If the National PEWS had performed well in general practice this could have provided a common language across prehospital and hospital settings, improved continuity of care, and potentially improved outcomes in children. However, the current study has shown that an adapted version of the National PEWS performs poorly for predicting admissions from general practice within 2 days and should not be incorporated nationally into general practices for the assessment of children who are acutely unwell as it stands. It is possible that the full PEWS may have performed better than the current authors’ adapted version; however, blood pressure is not commonly measured in children in general practice nor is oxygen commonly administered.

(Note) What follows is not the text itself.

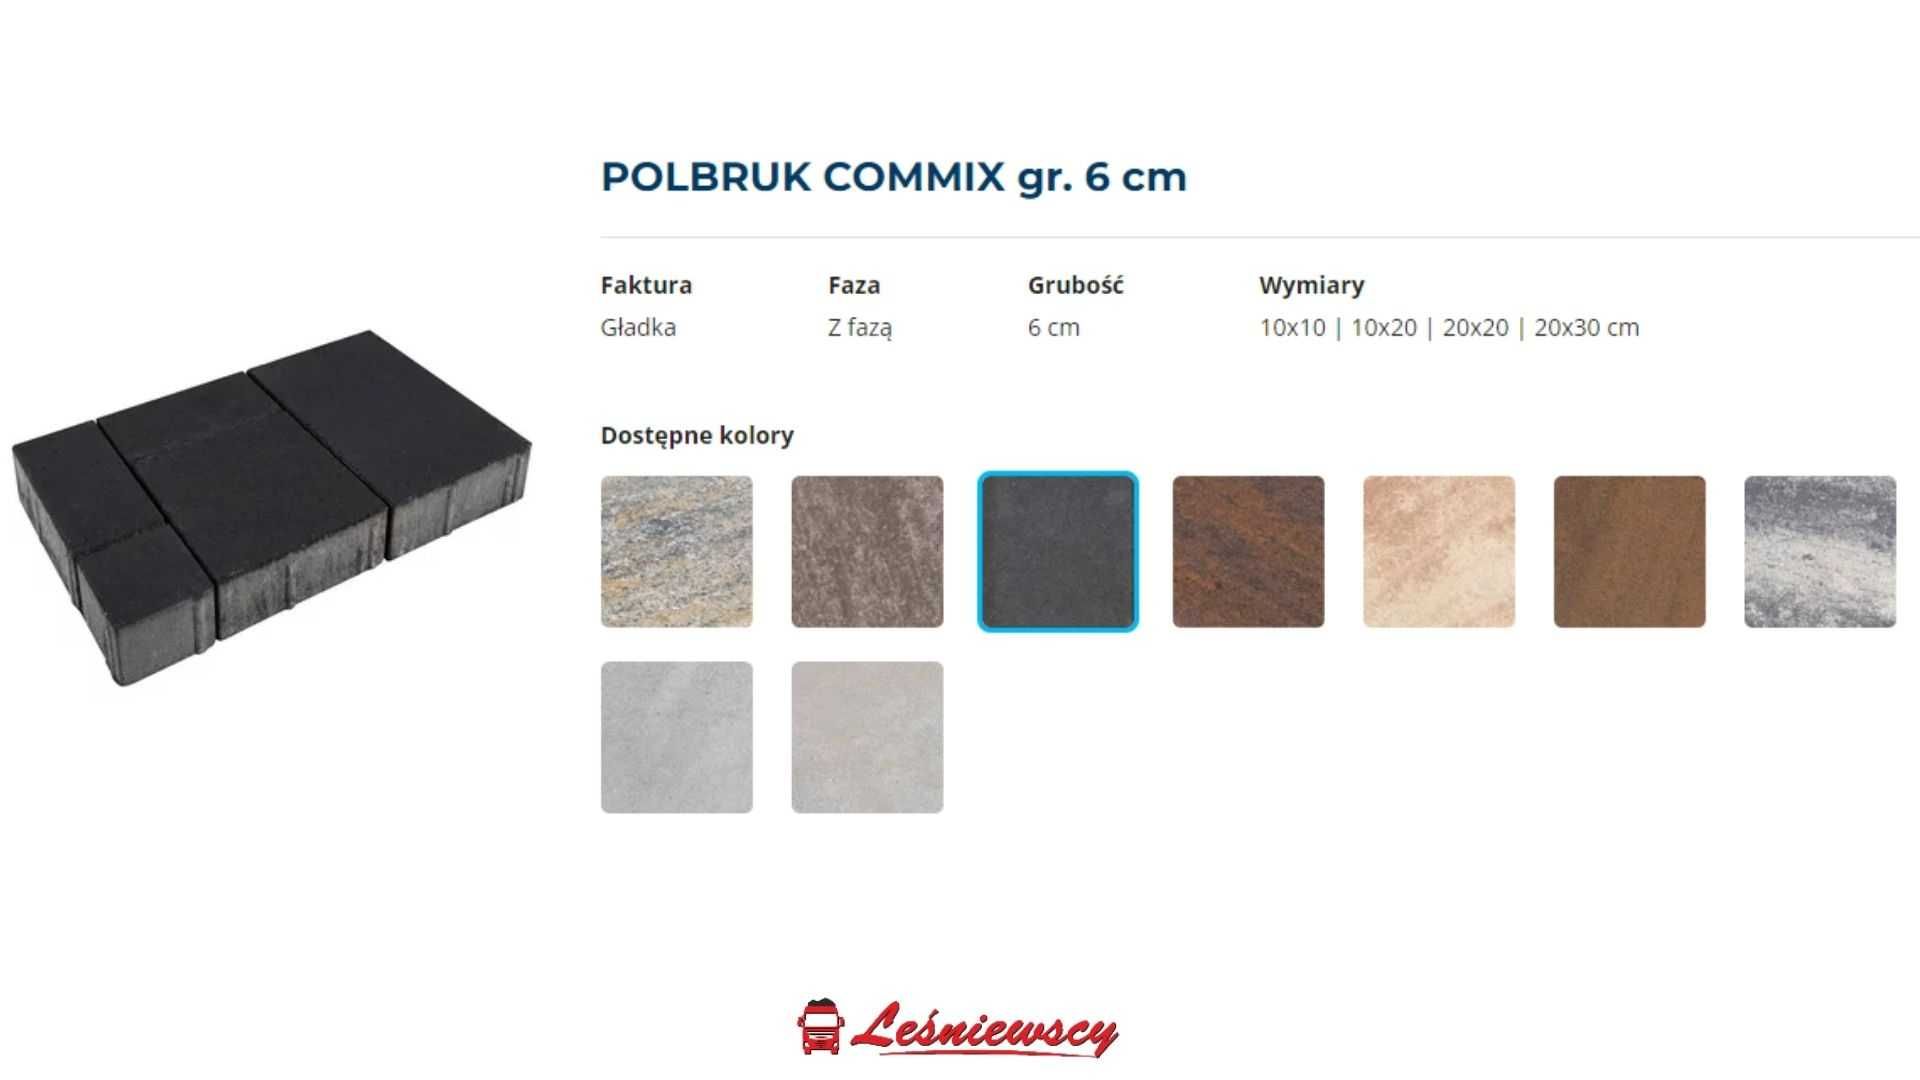 Kostka brukowa Polbruk - COMMIX kolor grafit 6cm na podjaz/chodnik itp

Further research is needed to derive and validate an accurate scoring system in general practice that is both easy to use and accurate. This may involve validation of an existing score or the development of a new or adjusted early warning score using prospective general practice data and including qualitative work with primary and secondary care clinicians.
Notes
Funding
This project has been funded by
the Welsh Government through Health and Care Research Wales as part of the ‘LUCI’ study (reference: HRA-15-1068). The Diagnosis of Urinary Tract Infection in Young Children study was funded by the National Institute for Health and Care Research Health Technology Assessment Programme. PRIME Centre Wales receives funding from Health and Care Research Wales. The Centre for Trials Research receives funding from Health and Care Research Wales and Cancer Research UK. The funders had no role in the study design, collection, analysis, or interpretation of data; nor in the writing of the report or decision to submit the article for publication. The researchers are independent from funders. Amy Clark, Rebecca Cannings-John, and Kathryn Hughes had full access to all of the data in the study and take responsibility for the integrity of the data and the accuracy of the data analysis.
Ethical approval
The study was approved by the Wales Research Ethics Committee 3 on 9 June 2016 (reference: 16/WA/0166).
Data
This study makes use of anonymised data held in the Secure Anonymised Information Linkage system, which is part of the national e-health records research infrastructure for Wales. NHS Digital data re-use statement: © (2019) the Health and Social Care Information Centre. Re-used with the permission of the Health and Social Care Information Centre. All rights reserved. The patient datasets analysed in this study cannot be made available because of confidentiality and data-sharing agreements in place. This work uses data provided by patients and collected by the NHS as part of their care and support. #datasaveslives
Provenance
Freely submitted; externally peer reviewed.
Competing interests
The authors have declared no competing interests.